El viento entre mis hojas

 

Por Blanca Mart

Mi nombre es Jack Warrior y pertenezco a la Legión Saturniana de Kaos-II. Somos los chicos duros y no estamos para blandenguerías. Donde nosotros llegamos, la tierra queda arrasada. Quede claro, no creemos en los dioses, no nos gustan el resto de los humanos, mucho menos las plantas verdes y esas especies llamadas flores o árboles o matojos, y nos reímos hasta caer al suelo, de palabras como prímulas terrestres, nenúfares venusinos o campánulas doradas de Selene.

Nosotros estamos por nuestro Trabajo. Que antes era llegar y arrasar, y luego avisar a la Federación: «Este lugar ya está terraformado».

Claro, los tiempos cambian y los gobiernos del Universo han decidido que nuestros métodos no son adecuados. ¡Adecuados, lenguaje de viejas! Pero ellos mandan y estamos acostumbrados a obedecer. Así que ya no matamos a nadie, como no sea en legítima defensa. ¡Un asco!

Vamos a los planetas explorados en los lejanos universos, como simple protección a los antropólogos, científicos, comunicadores y demás debiluchos sabihondos que pululan ahora en las antiguas naves de guerra.

Pero, claro, algún desahogo tenemos que tener y aunque no lo crean, nos permitieron unos días de vacaciones en el Asteroide Plutoniano Arkos. Nos divertimos como verdaderos Legionarios Saturnianos. Hay árboles gigantescos cerca de un mar metálico, playas doradas y grandes tabernas a las que acuden a por una buena bebida, las hermosas ciborgs de Okata-VI. Esos días allá, fueron una verdadera fiesta. Nos entrenamos quemando cosas vegetales y disparando contra un árbol gigantesco que adoraba no sé quién —cosa que no nos interesó pues no creemos en ningún dios—, seguimos con los árboles más pequeños que proliferaban y nos animamos tanto que hasta la rudas ciborgs dijeron que nos estábamos pasando y se largaron.

Que se fueran. Acabamos bien borrachos en la Taberna del espaciopuerto y en una de ésas para las que estamos preparados, en una pelea idiota, me mataron.

Tal como lo oyen: me morí.

 

II

Y pienso yo: ¿Por qué, si estoy muerto, no paro de pensar? Pues aquí estoy con mi monólogo. Miro el horizonte y escucho el rumor del viento; me siento fuerte, poderoso como siempre, noto a la madre tierra alimentando mis raíces. Agradezco la lluvia que refresca, el aire susurrante; brillan mis hojas. Veo a la gente que llega y busca cobijo bajo mi sombra, danzan, me ofrecen guirnaldas de flores.

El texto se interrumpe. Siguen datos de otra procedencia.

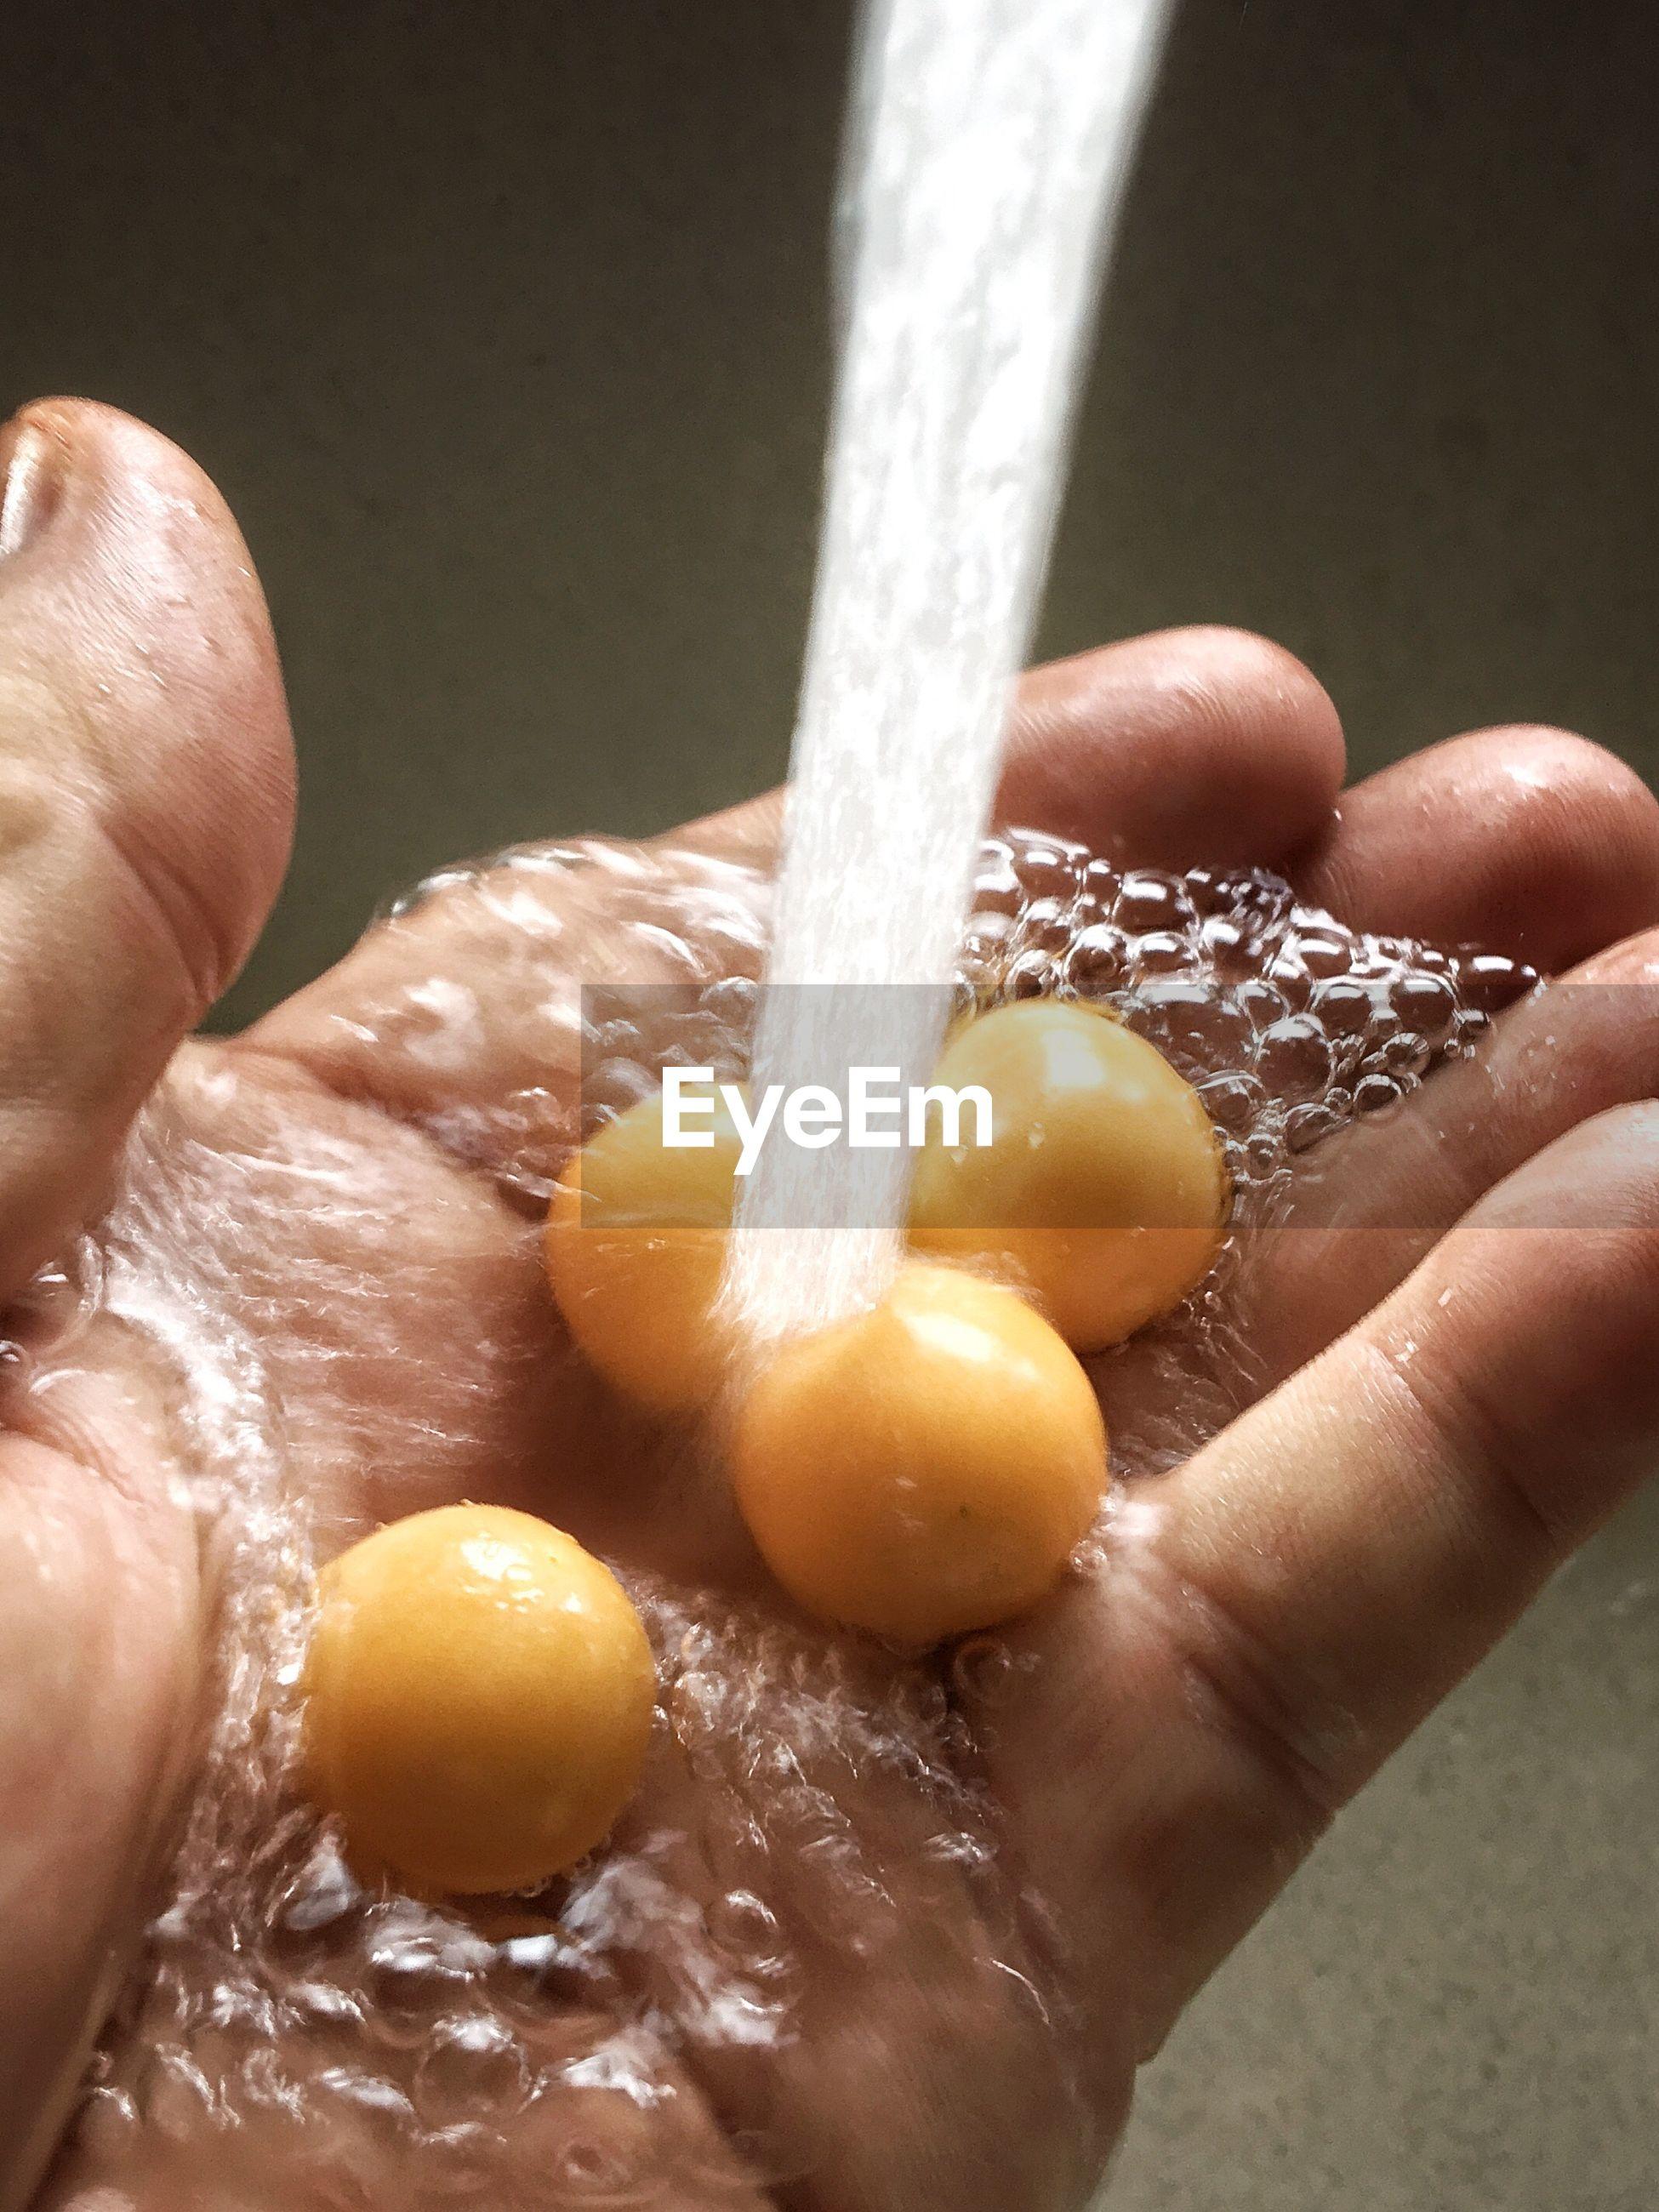 Close-up of human hand washing food under running water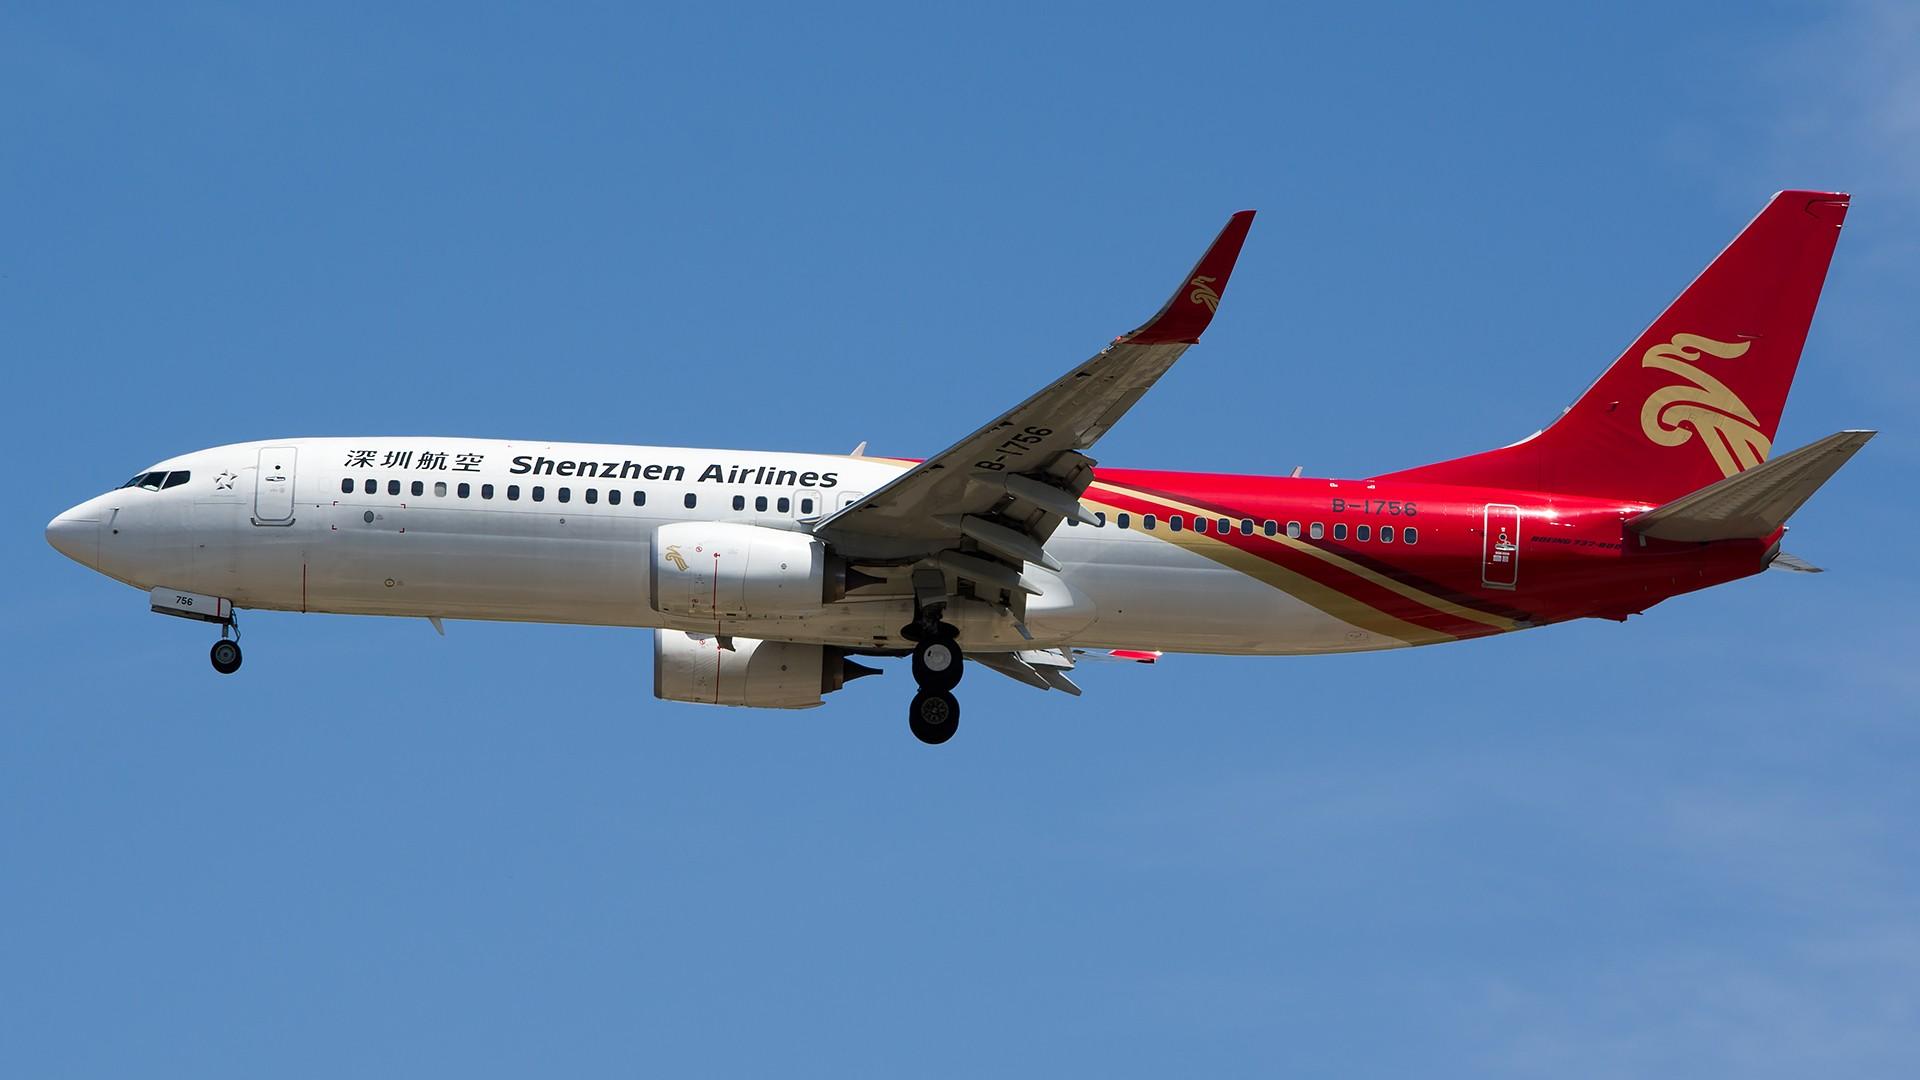 Re:[原创]PEK01午后两小时抓拍,其实是为AA的One World来的 BOEING 737-800 B-1756 中国北京首都国际机场

¿Qué es esto? ¿Es que hay dioses?  ¿Es esto la reencarnación? Y, absorto, contemplo el horizonte, la inmensidad que no cesa, la rueda y, sobre todo, las paradojas infinitas del universo.

Porque no estoy pagando nada de lo que hice.

Soy absolutamente feliz y yo —que fui un chico duro—, me sigo burlando de los dioses, que tan fácilmente, olvidaron las flores que destrocé, los árboles arrasados, y los que quizás arrasaría de seguir siendo humano, en todos y cada uno de los planetas del Universo.

 

Sí, sigo mirando el horizonte y en esta tarde de primaveras espaciales, lejos de holocaustos innecesarios, en el columpio del aire perfumado, veo cómo se acerca un nuevo grupo: ¡hay tantos adoradores de las hojas verdes, del trasiego firme y lento de la naturaleza, de la savia que crece! Sin duda vendrán a mi sombra, a entrelazar sus ritos con mi existencia, como suele ocurrir. No hay otro árbol como yo.

Las siluetas avanzan firmes, algo caóticas, rápidas. Los pasos decididos, las voces broncas; uniformes negros, armados; y perplejo, reconozco súbitamente ese símbolo en el pecho, que llevé tantos años. Pero, sobre todo, reconozco horrorizado, la mirada hecha de muerte de mis camaradas, los Legionarios Saturnianos de Kaos-II.

Y mientras se acercan, mientras espero el fuego de sus disparos y la oscuridad total, escucho la cadencia, el cendal perdido para siempre, el murmullo suave, del viento entre mis hojas.